米カーギル最高益 穀物高で前期比69%増

結局、原油高・穀物高を作り出しているのはこいつらやということ。

以下、東京新聞より全文転載。

米カーギル最高益 穀物高で前期比69%増
2008年8月20日 夕刊

 【ニューヨーク=共同】世界最大の穀物商社(メジャー)米カーギルが十九日に発表した二〇〇八年五月期決算は、記録的な穀物高を背景に純利益が前期比69%増の三十九億五千百万ドル(約四千三百億円)と大幅に増加、過去最高益となった。

 食料価格の高騰から途上国を中心に暴動やデモが起きたが、世界的に穀物供給を支配するとされる米有力メジャーは軒並み好決算となっている。
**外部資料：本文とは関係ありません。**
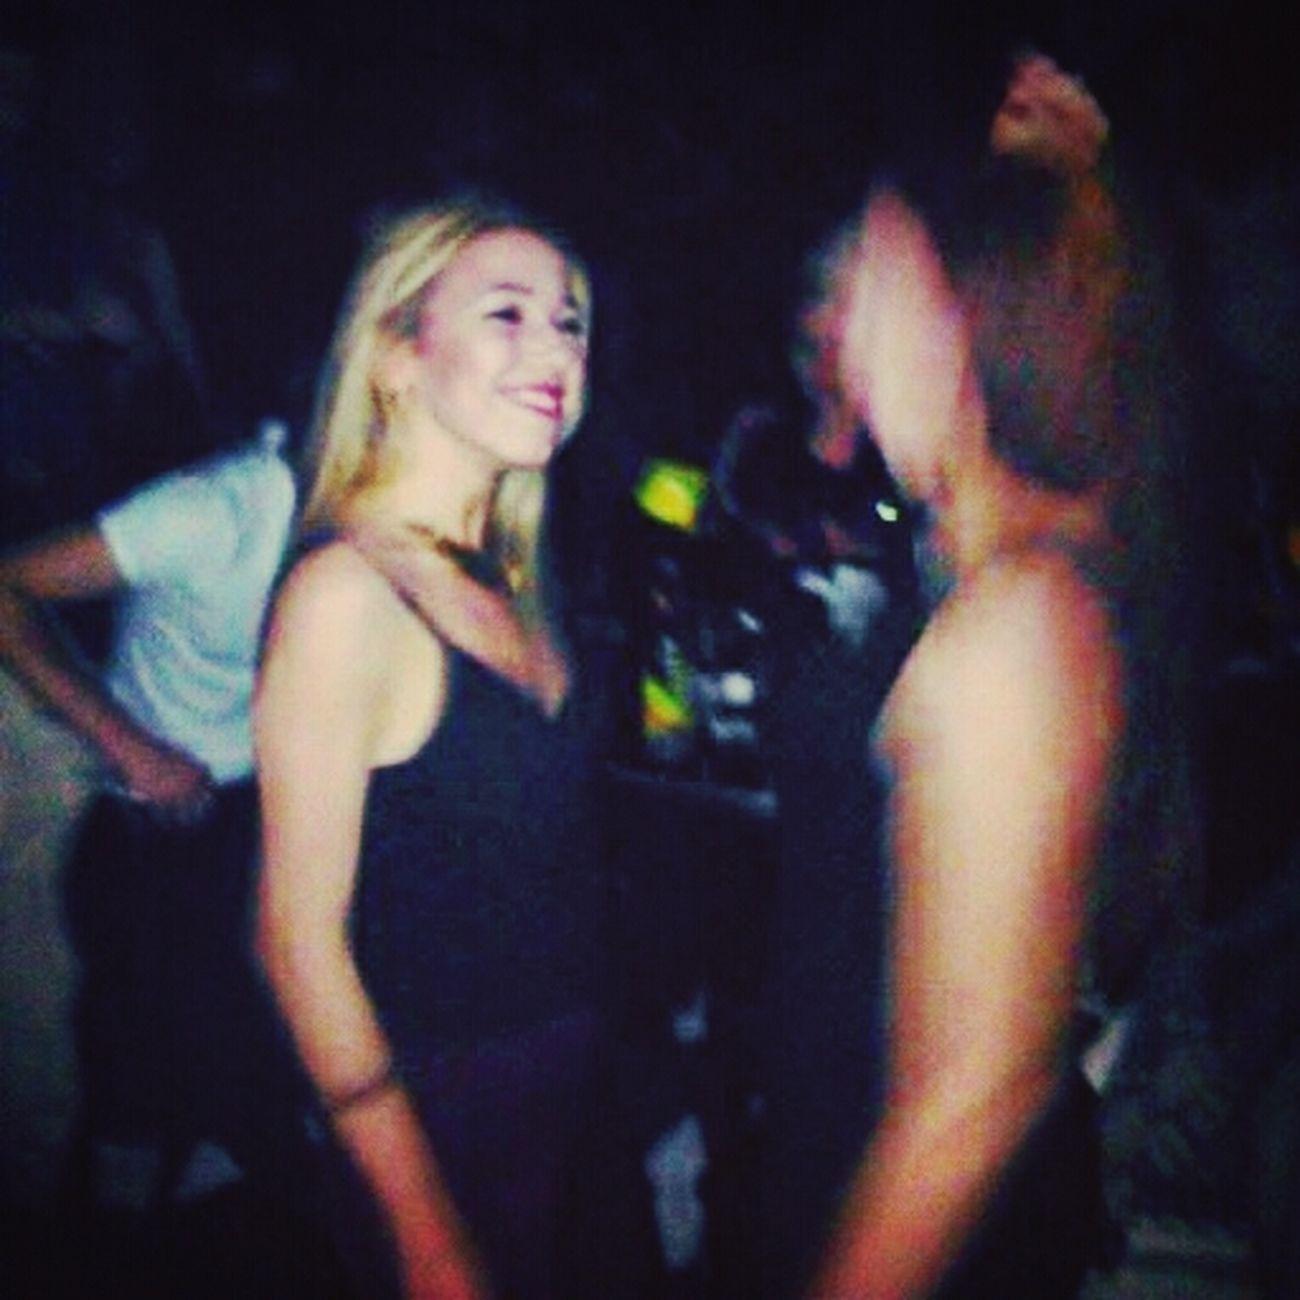 Partying Fun Night Out Dancing

 同日までに〇八年六月期決算を発表した米穀物メジャーのアーチャー・ダニエルズ・ミッドランド(ADM)は、前年に資産売却益などを計上したため純利益が減益となったが、その要因を除くと実質的には前期比20%増の増益を確保。同ブンゲの〇八年四-六月期の純利益は、前年同期の四・五倍に膨らんだ。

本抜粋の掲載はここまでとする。